Broadly, the initiative aims to address labeling challenges associated with developing companion diagnostics that can help target the delivery of cancer drugs, FDA Commissioner Scott Gottlieb said in a statement.
More specifically, the draft guidance addresses cases in which there's enough evidence to conclude that the CDx is appropriate for use with a specific group or class of therapeutic products. In those cases, the CDx's intended use should name the specific group or class of therapeutic products rather than specific products, Gottlieb said.
He said that the proposed guidance will describe considerations for the development and labeling of in vitro companion diagnostic devices to support the indicated uses of multiple oncology therapeutic products.
The guidance would help guide test developers who could use the data generated from the study of an approved or cleared diagnostic test that's evaluated in relation to just one oncology therapeutic product within a class of molecularly-targeted oncology therapeutic products. The test developers would be able to use the study data to extrapolate the use of that same approved or cleared diagnostic test to the associated oncology therapeutic product class.
The FDA frequently approves an in vitro diagnostic test based on the results of studies conducted with one specific drug. The labeling of the test often reflects the use of that diagnostic in conjunction with just one drug. Further, the drug can reflect the use of that medicine in conjunction with just one diagnostic test.
This sometimes narrow labeling that ties a drug to a specific diagnostic test happens even in cases where the diagnostic test is applicable to all drugs in a specific class of cancer medicines. This is a challenge given the way cancer care is emerging, Gottlieb noted.
In some cases, the FDA clears or approves multiple companion diagnostics to detect the same mutations in the same specimen type. Similarly, in some cases, the agency approves multiple therapeutics, such as drugs that are approved for use in the same indications, including the same mutations and the same disease, and are within a specific group or class of oncology therapeutics.

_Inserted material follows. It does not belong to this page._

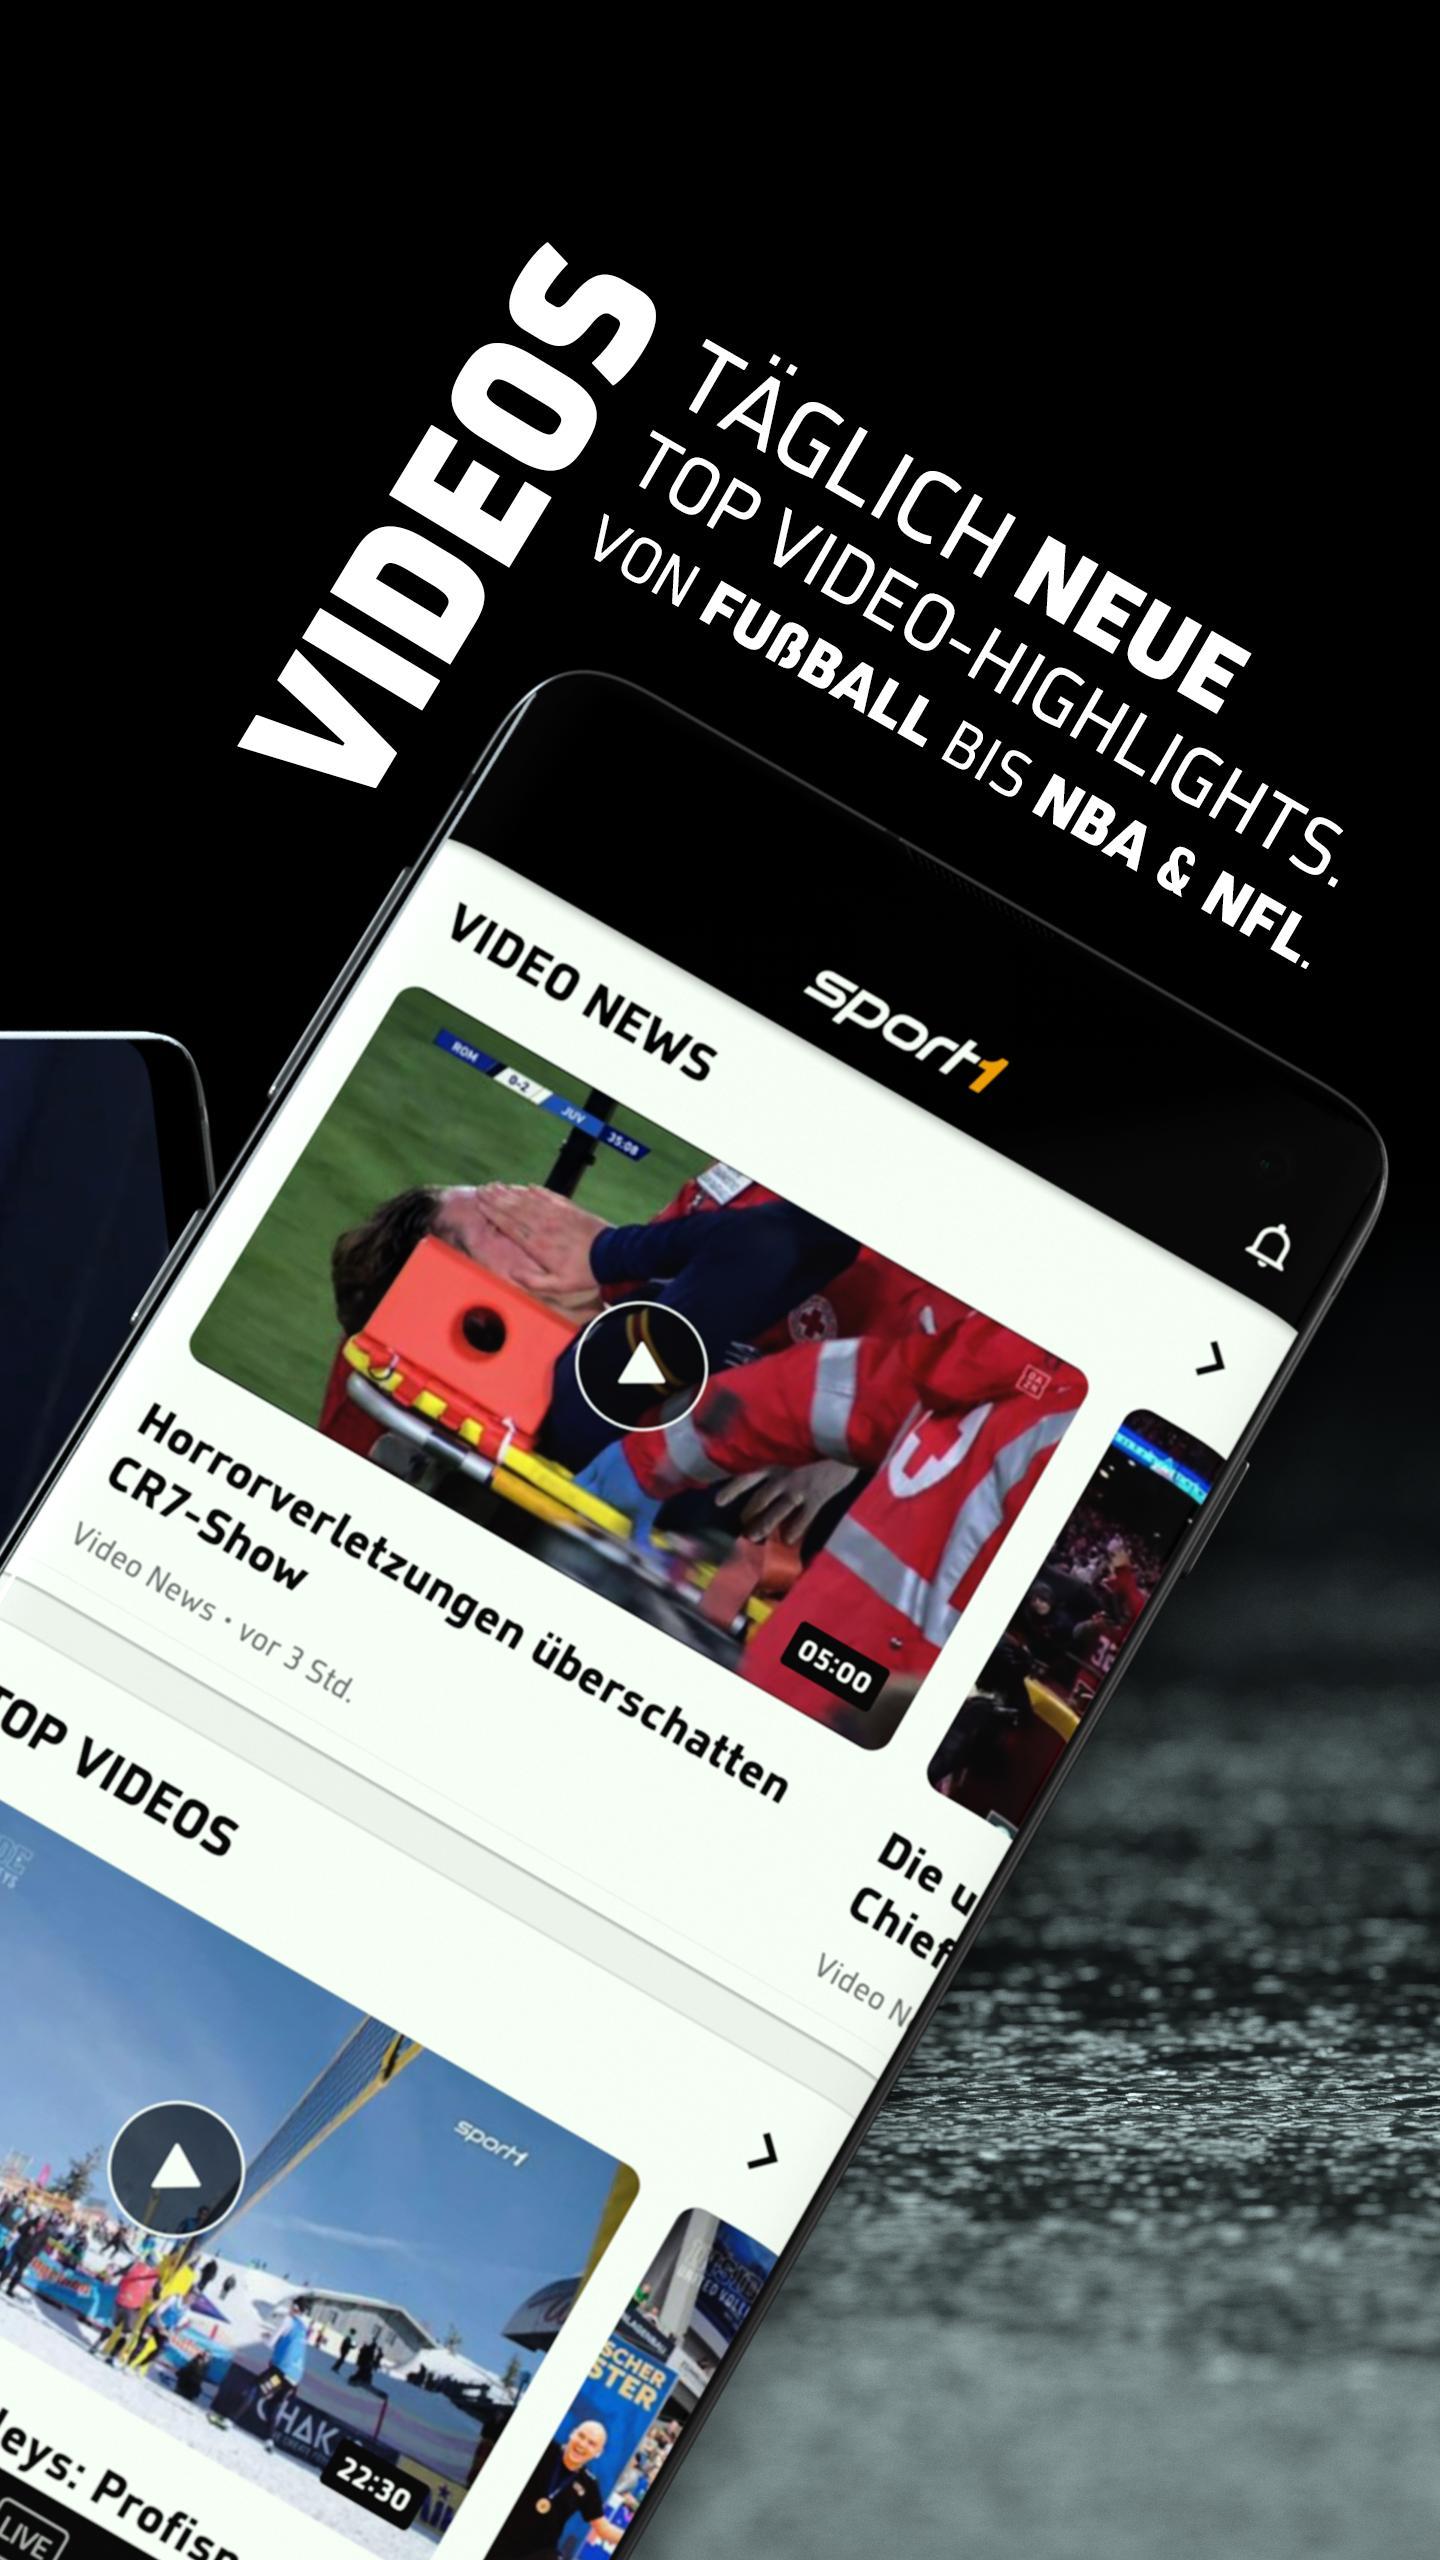 sport1 doppelpass live stream

In some cases, not all of the oncology therapeutic products in a specific group or class are being included on all of the labels of approved or cleared companion diagnostics to detect mutations that define the specific group or class, the FDA said.
"We're concerned that the current situation is not optimal for patient care because a clinician may need to order a different companion diagnostic, [such as] one that includes other therapeutic products on the label, obtain an additional biopsy from a patient, or both, to have additional therapy treatment options,” Gottlieb said.
The new guidance is part of recent broader efforts by the FDA to advance tools that help personalize care for patients.
The FDA is accepting comments on the new CDx draft guidance for 60 days following its publication in the Federal Register.